To examine whether the observed inverse associations were specific to each drug, we conducted DPA for drugs in the same class as each candidate drug or for drugs that are often co-administered with the candidate drug. Cilastatin is often co-administered with imipenem, a β-lactamase inhibitor. DPA for β-lactamase inhibitors showed ROR values around 1.0, and the remarkable inverse associations observed with cilastatin were not observed (Figure S4). This result suggests that the observed COVID-19 infection suppression effect may be specific to cilastatin. Megestrol is a progesterone receptor agonist. Progesterone preparations classified as progesterone receptor agonists showed RORs around 0.5 with 95% CI upper limit less than 1, indicating inverse association trends similar to megestrol (Figure S5). This result suggests that the observed effect represents a pharmacological class effect mediated through progesterone receptors rather than a mechanism that is specific to megestrol.
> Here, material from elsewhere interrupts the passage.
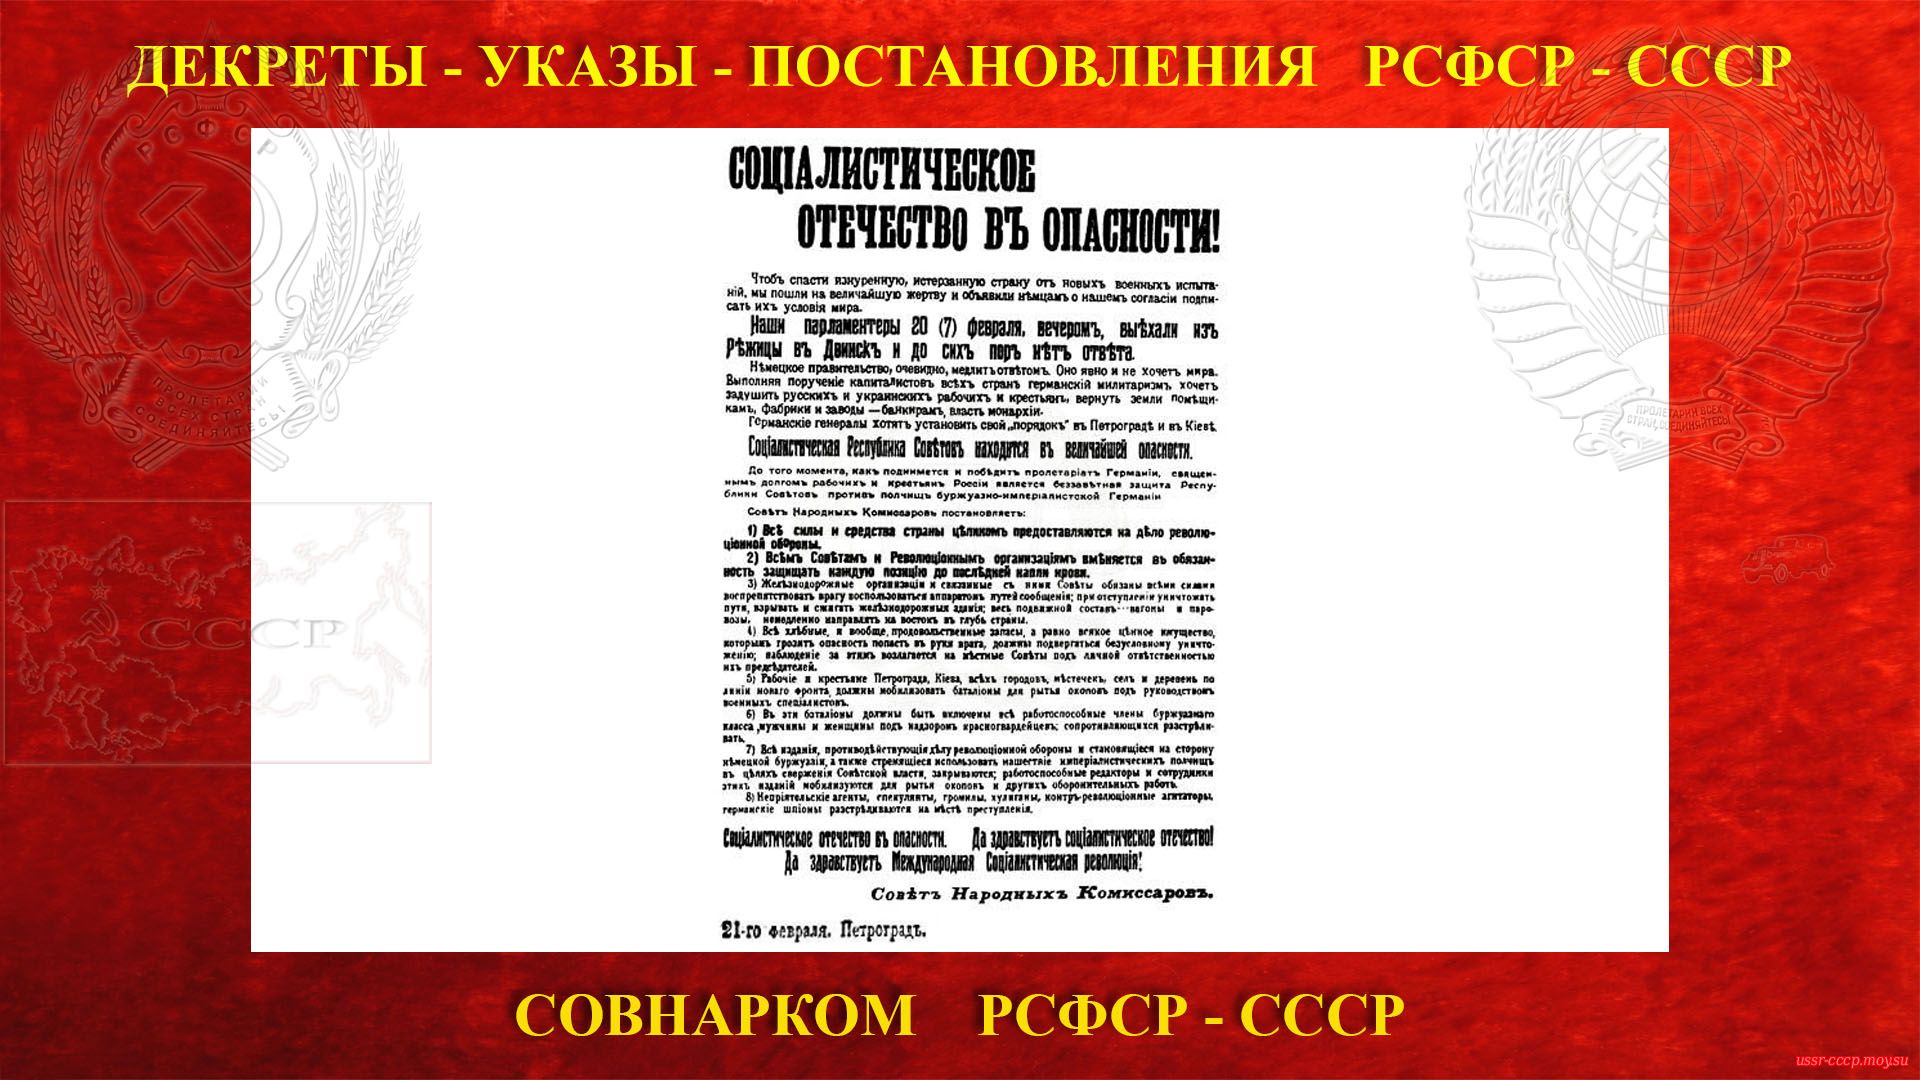 Социалистическое отечество в опасности! — Декрет СНК РСФСР (21.02.1918) (повествование)
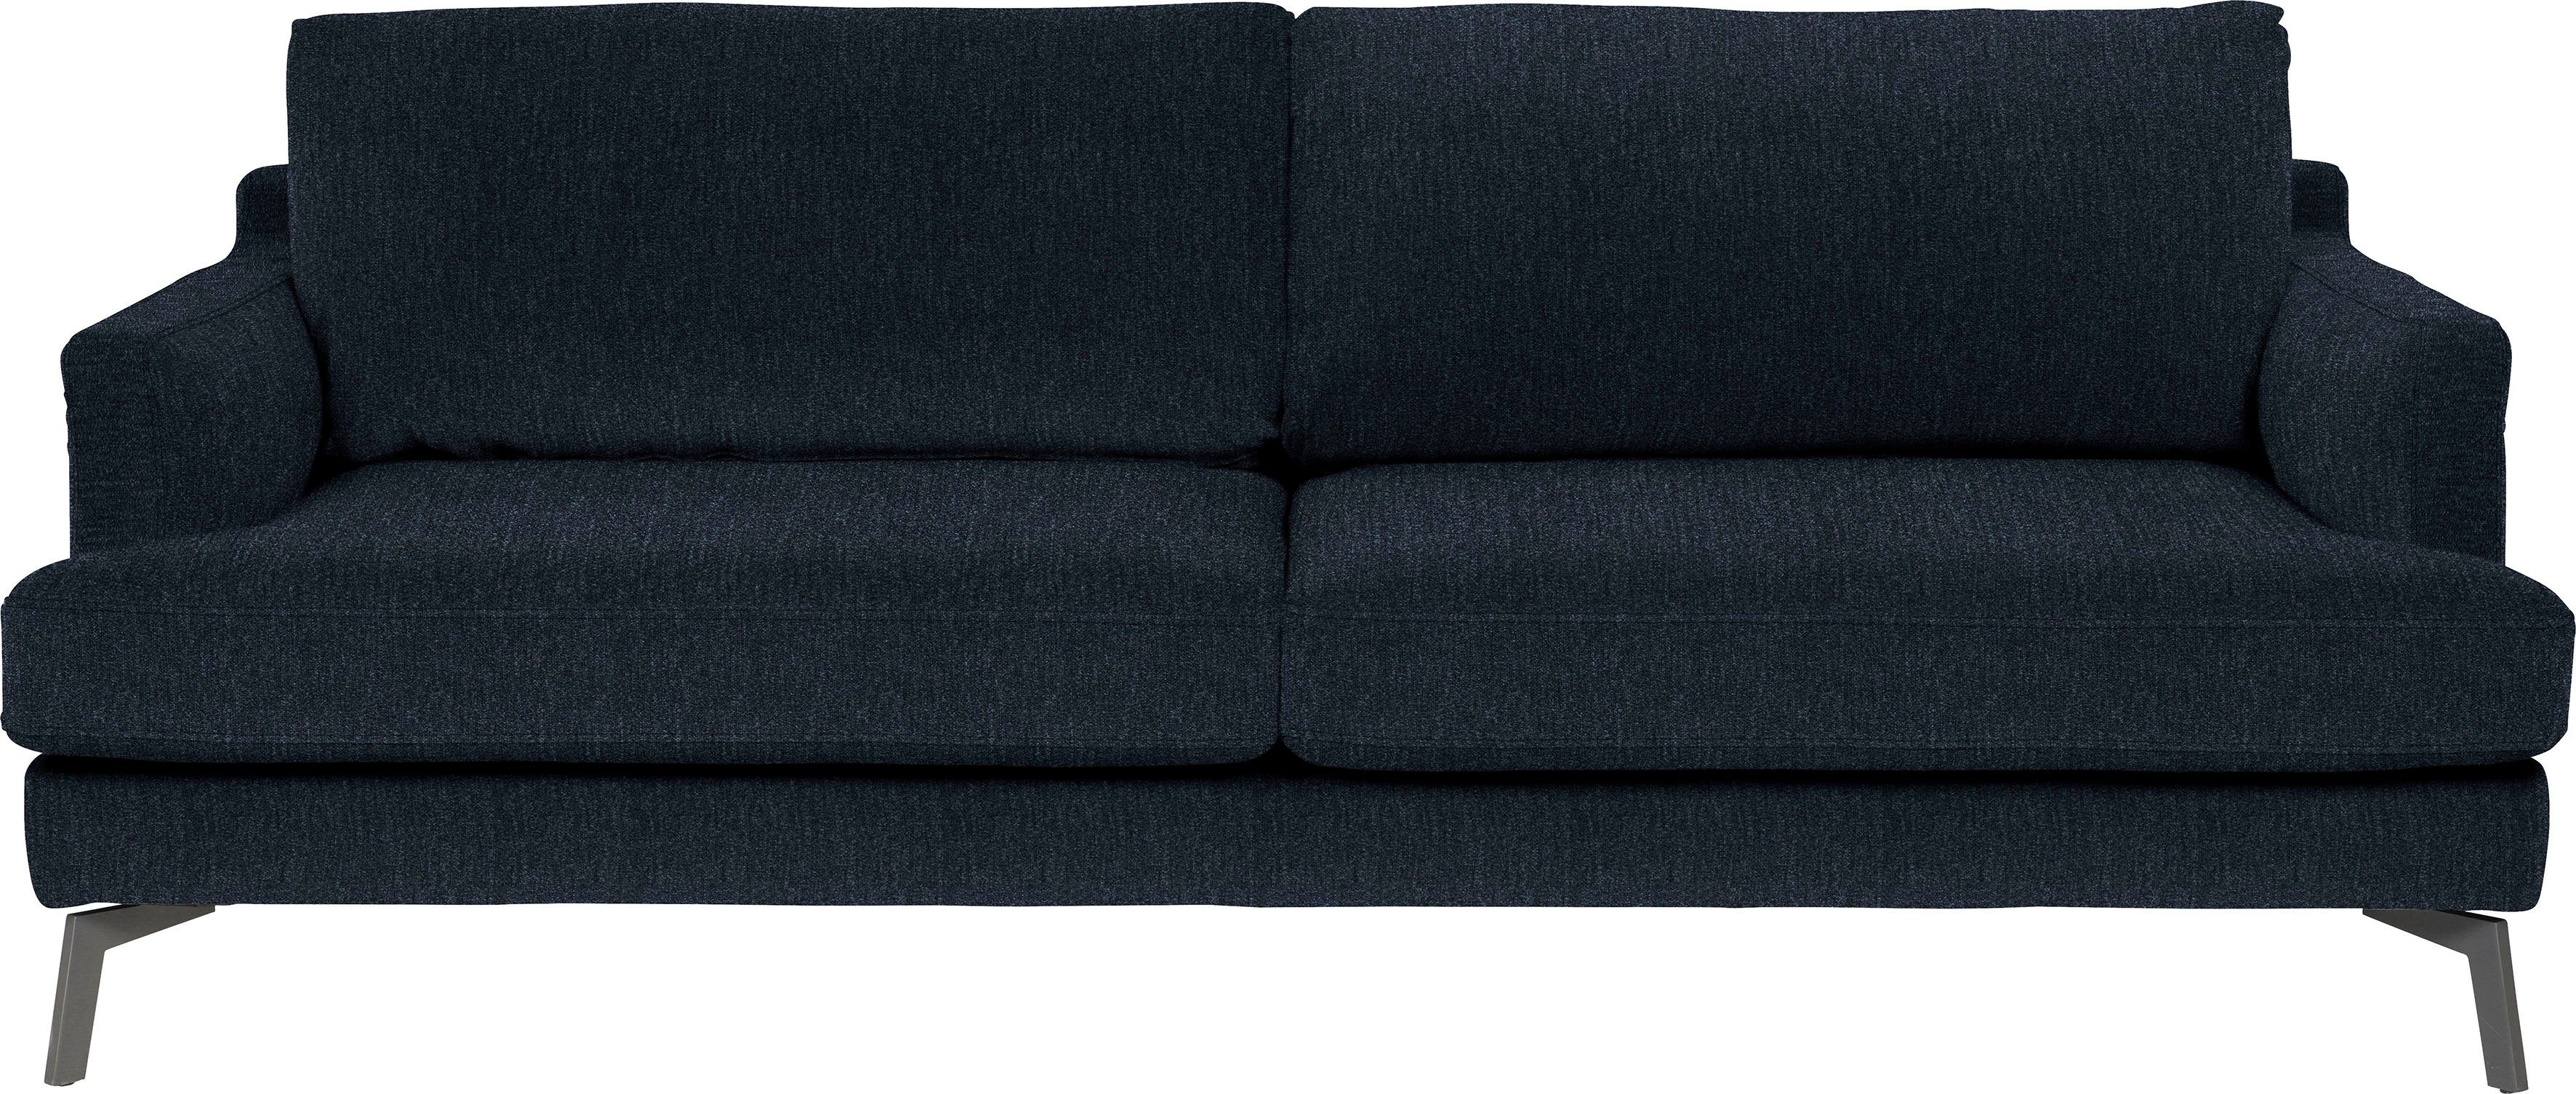 furninova 3-Sitzer Saga, ein Klassiker im skandinavischen Design midnight blu

However, more detailed analysis is needed to clearly distinguish the influence of class effects.

The remarkable inverse association observed for cilastatin is consistent with previous studies demonstrating that this drug may attenuate COVID-19 pathology by reducing SARS-CoV-2 viral replication and providing protection from the cytokine storm observed in severe COVID-19 [34]. Based on these findings, cilastatin warrants further investigation as potential therapeutic candidate for COVID-19.

Regarding megestrol, no literature has reported direct associations with COVID-19. However, progesterone, a drug in the same class that our DPA has indicated to be protective against COVID-19, has anti-inflammatory properties, suggesting potential as a COVID-19 treatment [35–37]. Clinical studies on COVID-19 treatment using progesterone have been conducted (NCT04365127, NCT04865029) and in the NCT04865029 trial, progesterone administration in moderate to severe COVID-19 patients resulted in significant improvement in clinical status (a score of 1.5 points, corresponding to a 3-day reduction in oxygen supplementation and 2.5-day reduction in hospitalization duration) [38]. Given the observed class effect of progesterone receptor agonists and the clinical evidence supporting progesterone, megestrol merits evaluation to determine whether it confers similar protective effects.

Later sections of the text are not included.